>>>>>
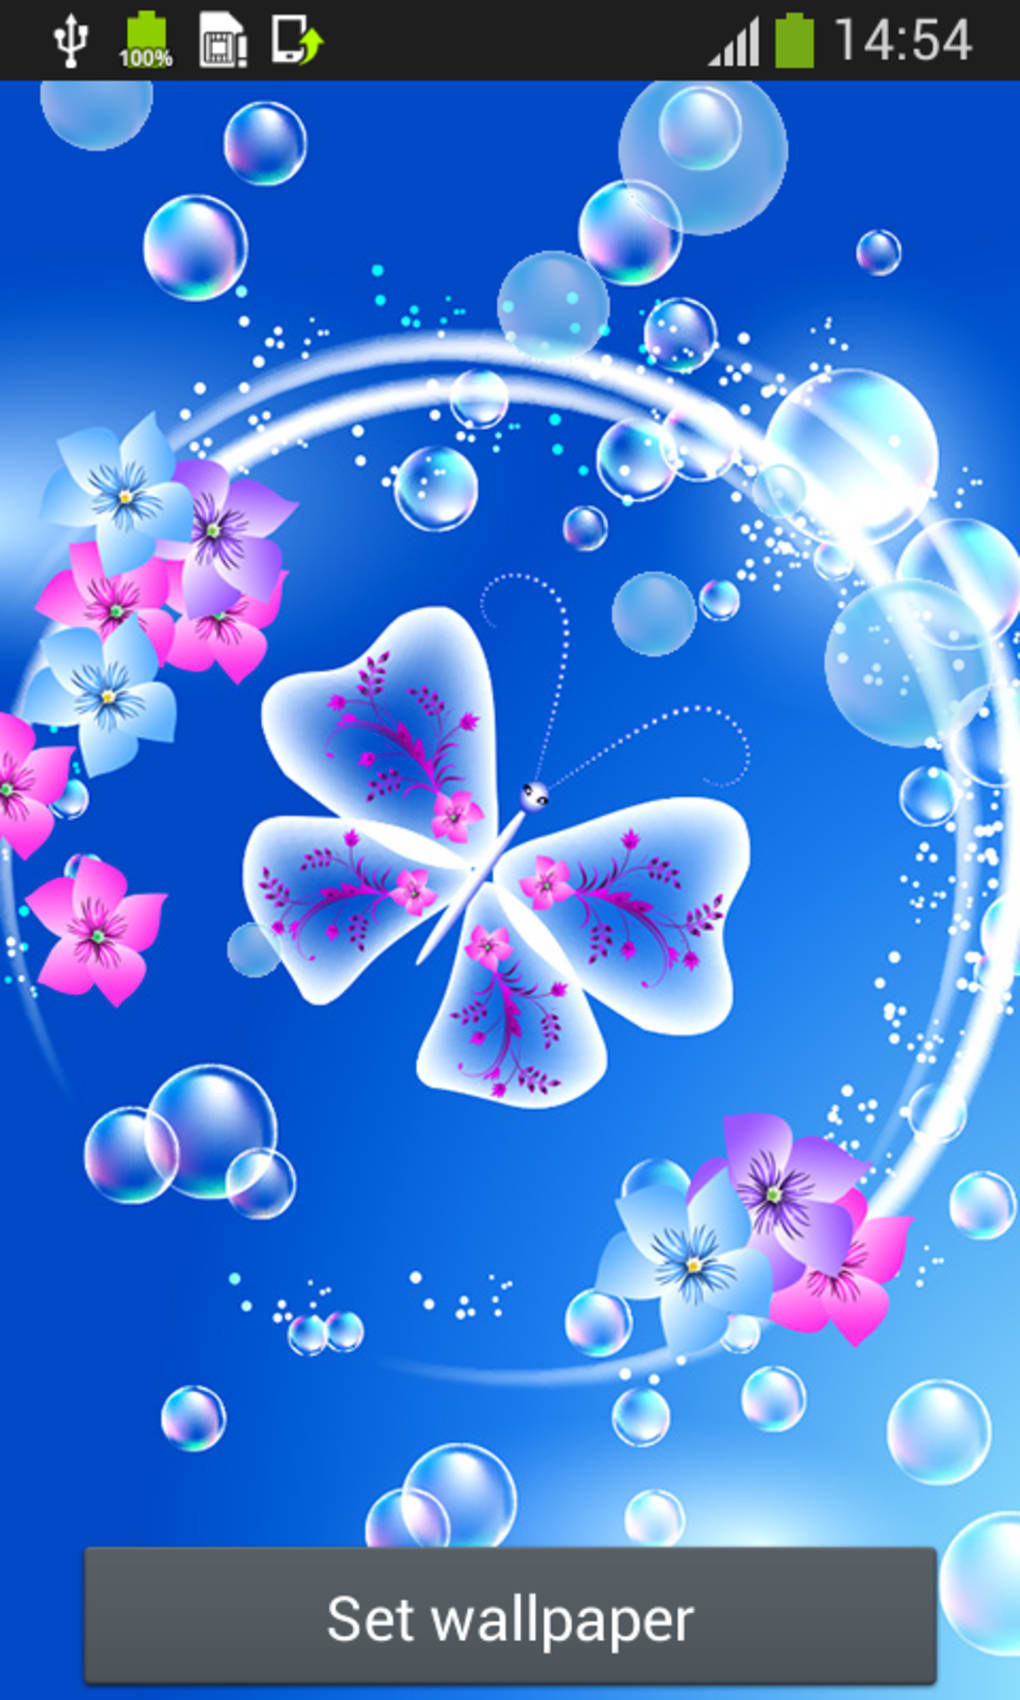 live wallpapers,blue,sky,butterfly,violet,purple
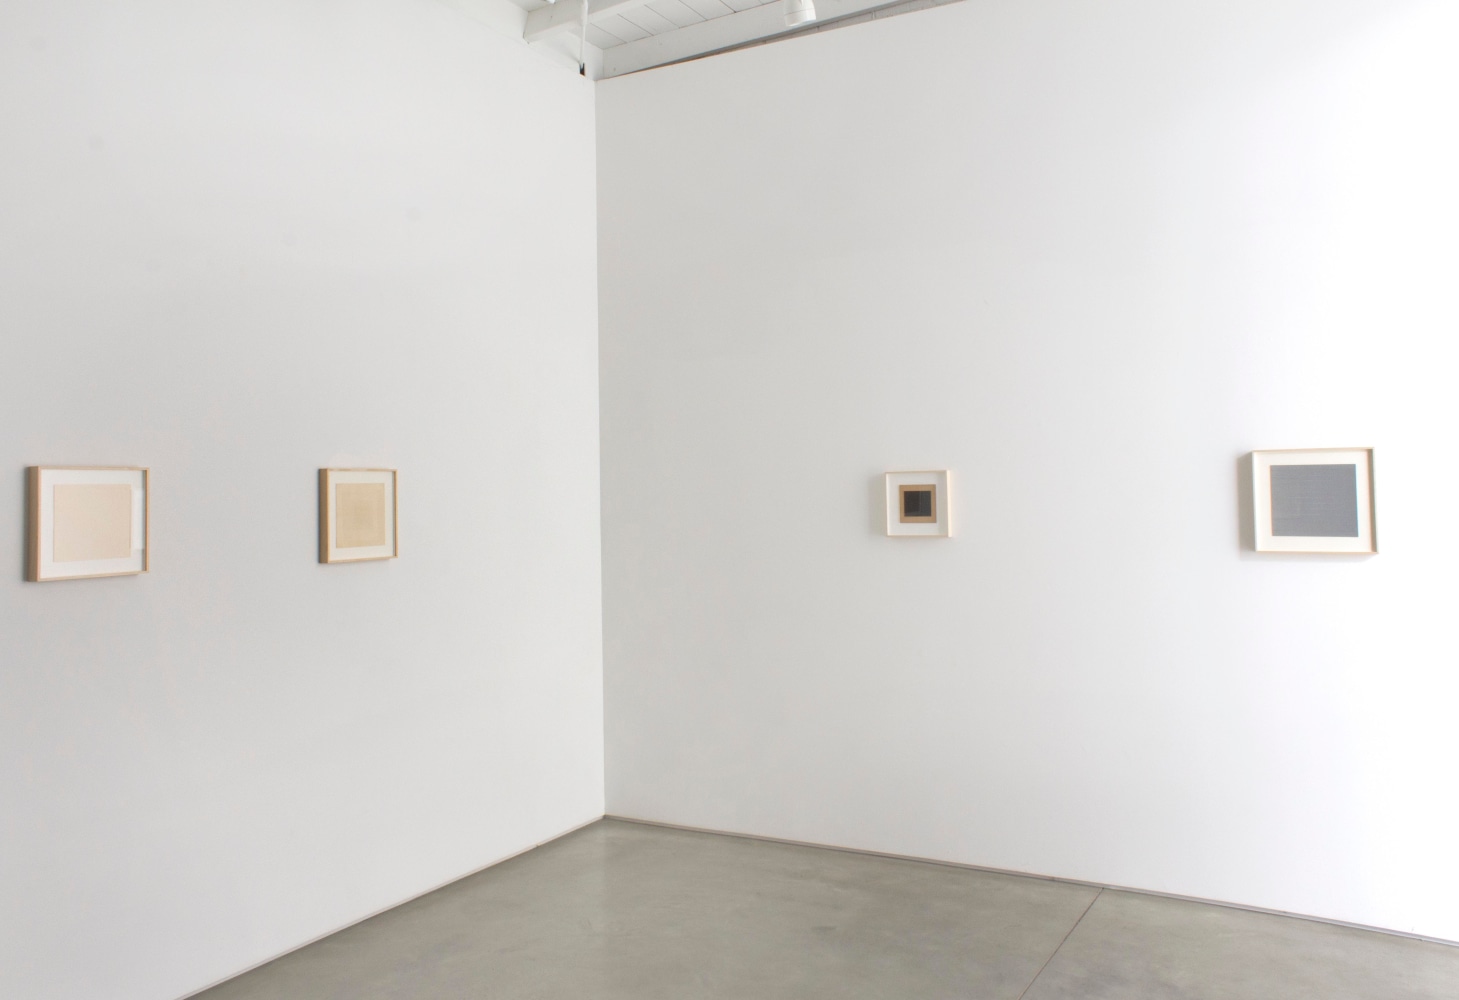 Robert Barry Paintings and Works on Paper from the 1960s​, installation view
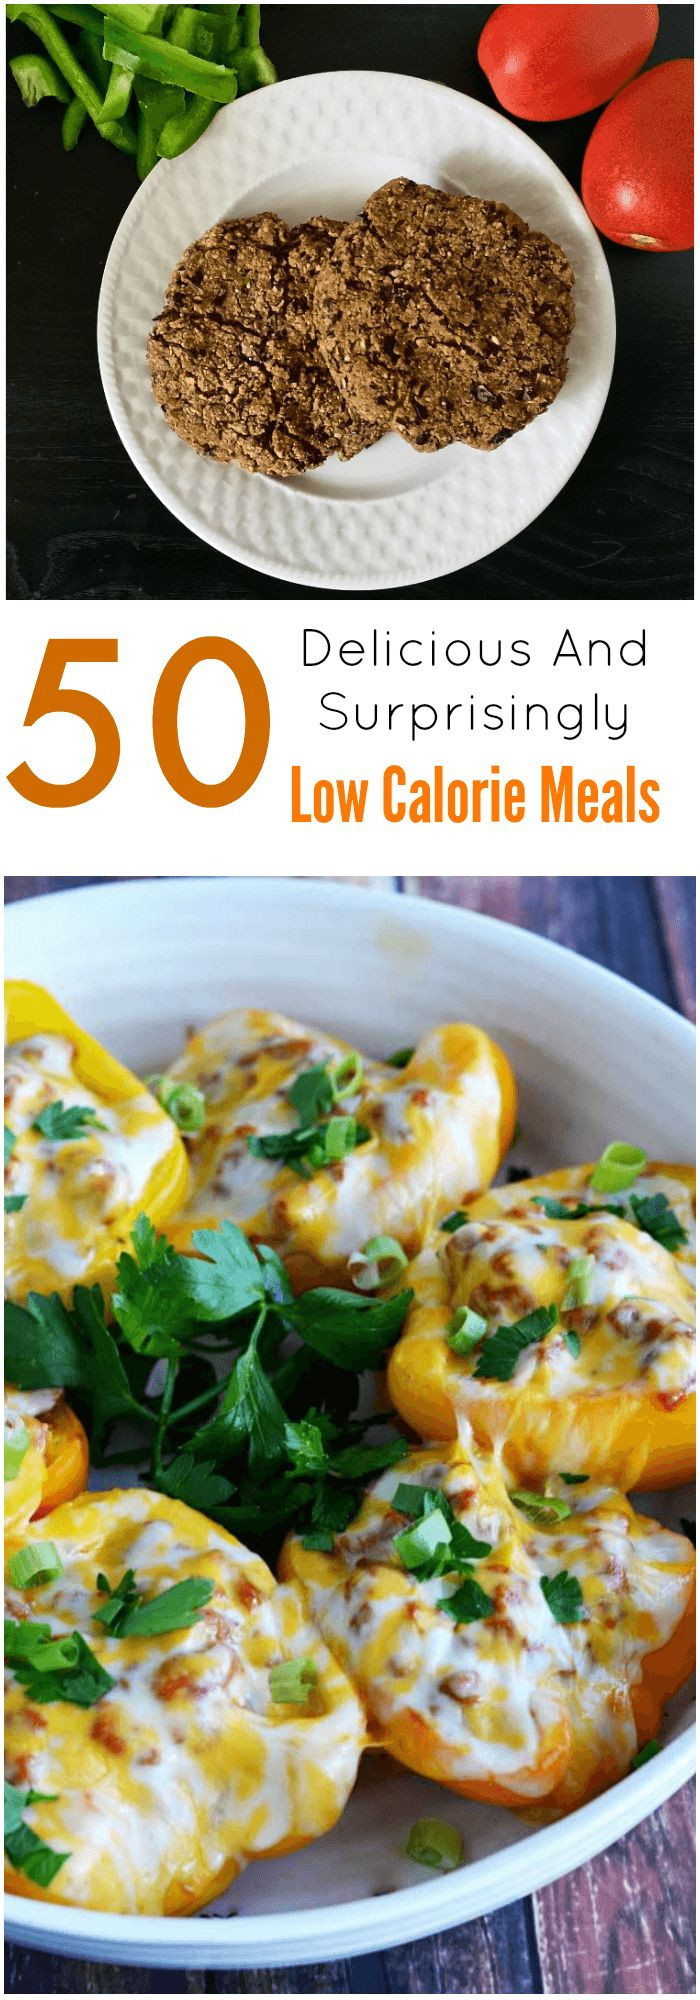 Low Calorie Recipes For Dinner
 50 Delicious And Surprisingly Low Calorie Meals
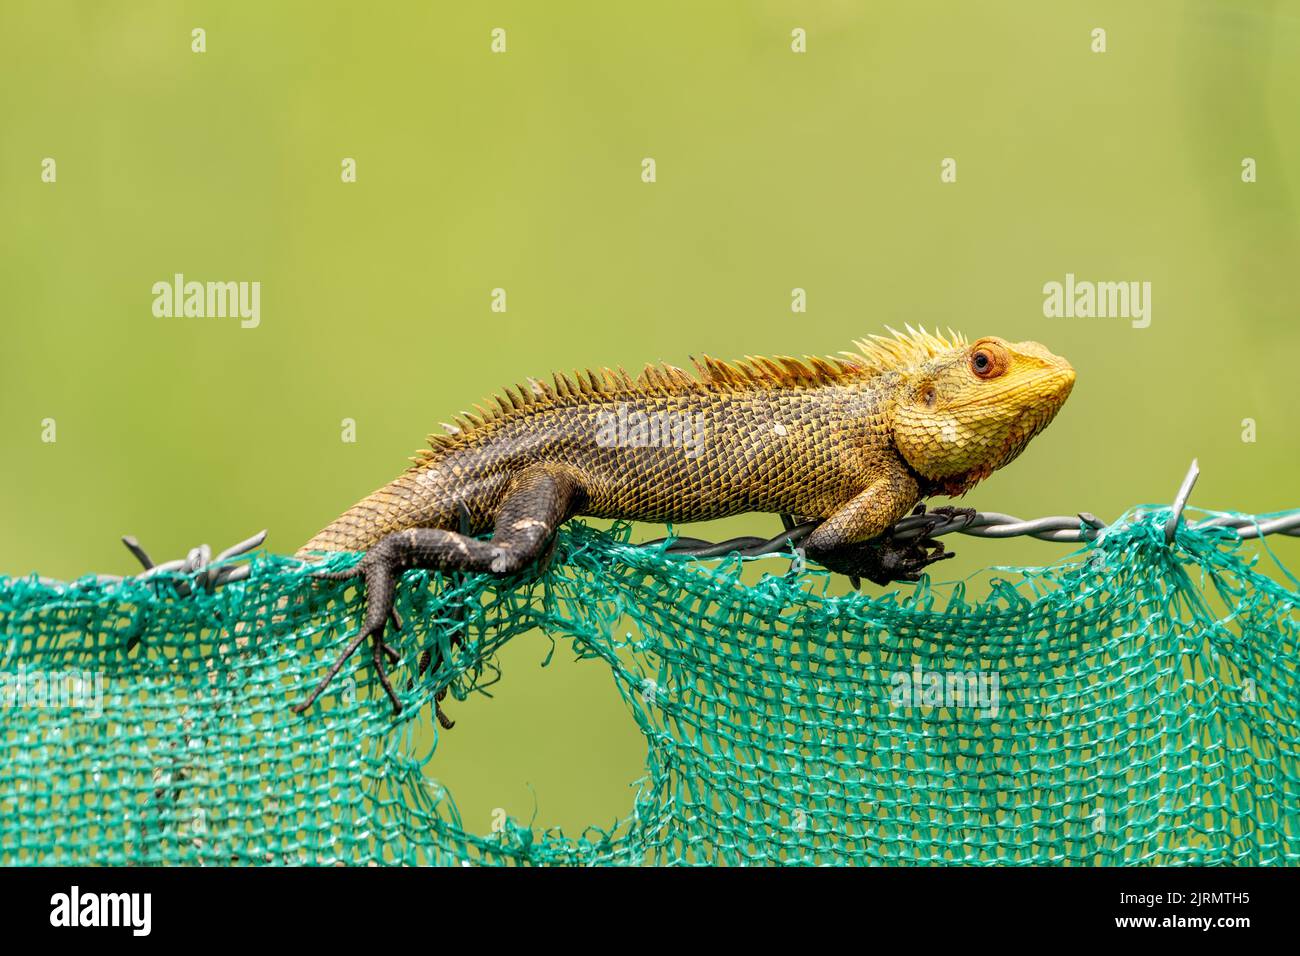 A closeup of a oriental garden lizard on a metal wire against a green background Stock Photo
<<<<<
__PROMPT__: Restate the entries verbatim and exclude any pictures.

__SOLUTION TO THE EXERCISE__:
 live wallpapers,blue,sky,butterfly,violet,purple
 Robert Barry Paintings and Works on Paper from the 1960s​, installation view
 Low Calorie Recipes For Dinner
 50 Delicious And Surprisingly Low Calorie Meals
 A closeup of a oriental garden lizard on a metal wire against a green background Stock Photo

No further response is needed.